How things change! It’s one thing to have the Trump administration do another quick whipsaw on tariffs – that’s so commonplace as to be barely noticeable. But it’s quite another when it’s the Germans offering the proofs that what you might have thought of as rules were actually more like suggestions (Pirates of the Caribbean version, or classic Ghostbusters (PG-13)). In response to the US’s winding down of its support for the war in Ukraine, European leaders found their martial spirit. Germany’s next chancellor took a page out of Mario Draghi’s playbook and said that “the rule for our defense now has to be ‘whatever it takes’”. It’s hard to exaggerate the scale of this sea change, if they actually meant it. “The new defense proposal recommends that ‘necessary defense spending’ above 1% of GDP should be exempt from debt brake restrictions, with no upper limit” (Emphasis our own). For casual observers who might wonder why this was a big deal, the BBC was happy to explain, “The debt brake has been written into Germany’s constitution, or Basic Law, and any change requires a two-thirds majority in parliament”. This isn’t just a spending proposal, but a constitutional amendment. But as we said above, needs must when the Devil drives through Kiev.

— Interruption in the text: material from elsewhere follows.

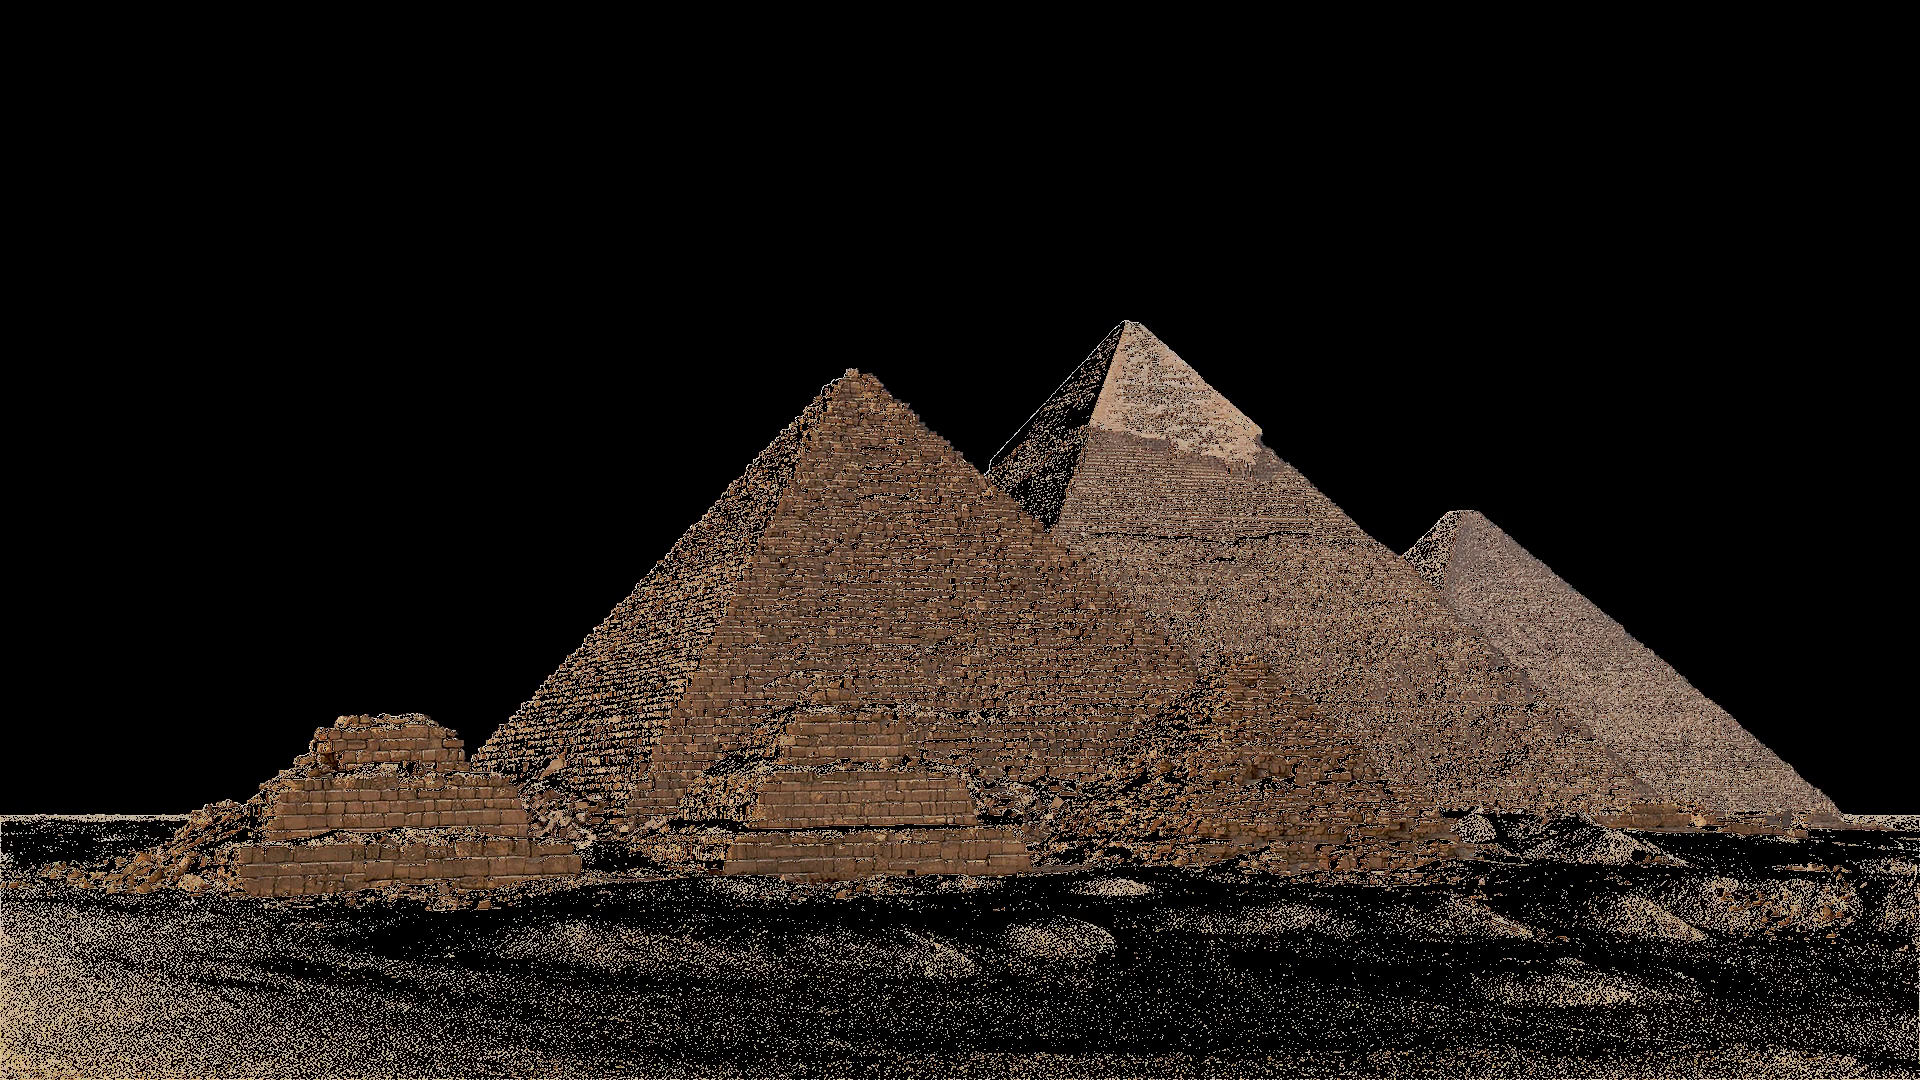 Pyramids Of Giza Drawing at GetDrawings | Free download
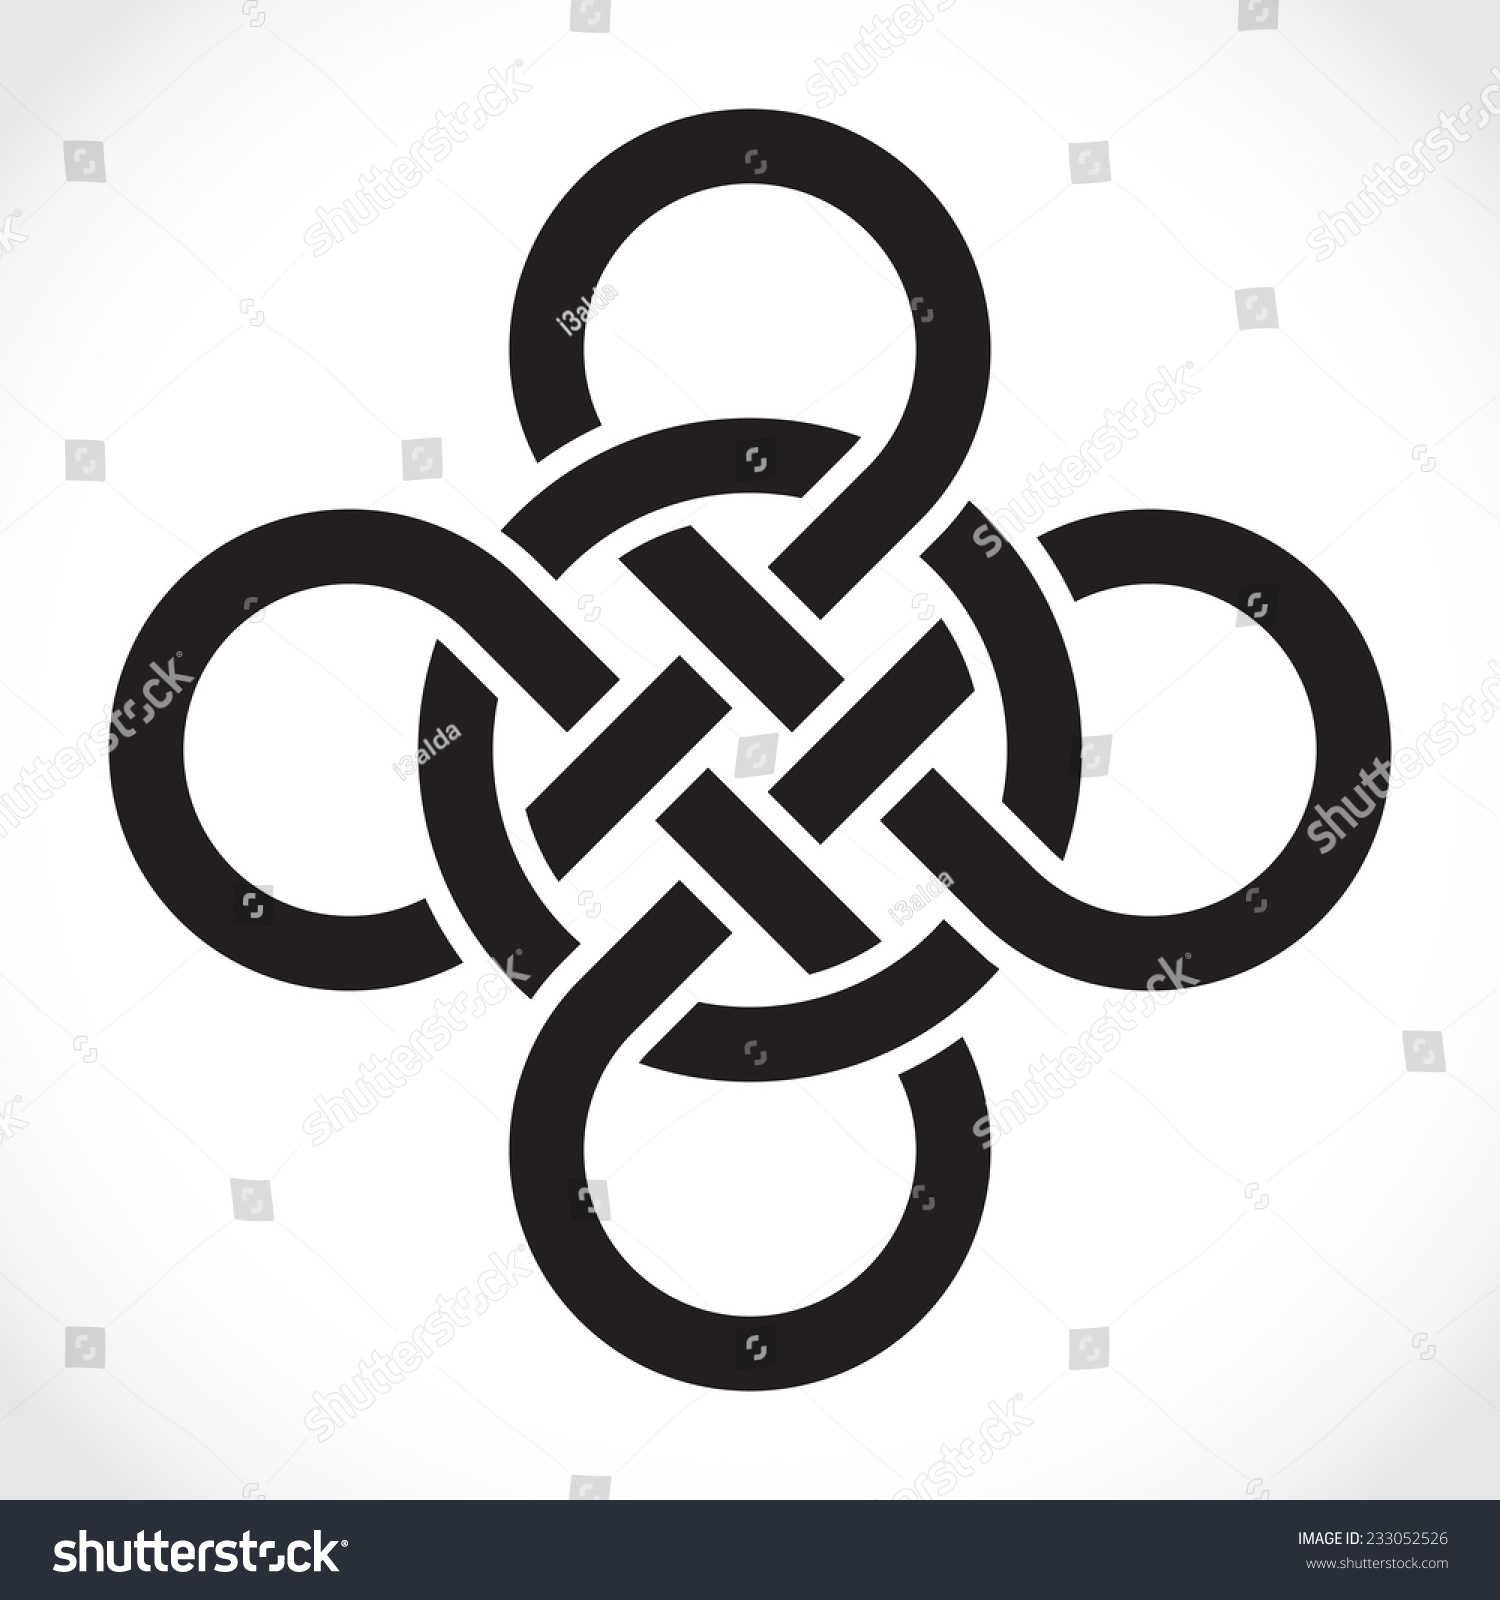 Celtic Symbol Illustration Stock Vector 233052526 - Shutterstock

Whether this spending actually materializes is certainly not guaranteed, and there is a further wrinkle courtesy of the latest election results, “this [plan] would likely work at present – but would be very difficult to achieve once the newly elected parliament representatives come together for the first time later this month.” So, far from a foregone conclusion… but perhaps unsurprisingly, that hasn’t deterred markets. As this article notes, the “market reaction has widely been positive, with economists and analysts describing the moves as ‘historic’ and a ‘game changer’”. “Positive” is, of course, dependent on which side of the trade you are on, and holders of German government debt might feel differently. Bunds “suffered their worst day since the months following the fall of the Berlin Wall on an historic spending plan that will unlock hundreds of billions of euros for defense and infrastructure investments.” The irony certainly didn’t escape us. But, having made the mental shift that defense spending shouldn’t be hostage to debt brakes and whatnot, this article noted that “Germany called for the European Union to reform its fiscal rules to allow countries to make bigger defense expenditures without running afoul of the bloc’s budget rules”. Oh, and “European Commission President Ursula von der Leyen had already proposed the bloc extend €150 billion in loans to boost defense spending and loosen fiscal rules constraining national spending.” Some might wonder where the money will come from. This article suggests there might be some shifting of money away from welfare services, but… that seems like an unpopular opinion.
Clearly Bund investors had their own ideas of who was likely to end up footing the bill, and they weren’t afraid to express it. But, when the Russians are coming, who cares what Bund buyers think? If Merz and Co do follow through, Bund investors (normally a conservative bunch) might wonder whether they would be better off joining the military.
P.S. Amid all the headlines about European tomfoolery, layoff announcements hit the highest level since July 2020 and were “the highest total for the month of February since 2009 during the global financial crisis”, and Secretary Bessent said earlier today that “access to cheap goods is not the essence of the American dream”. What a week!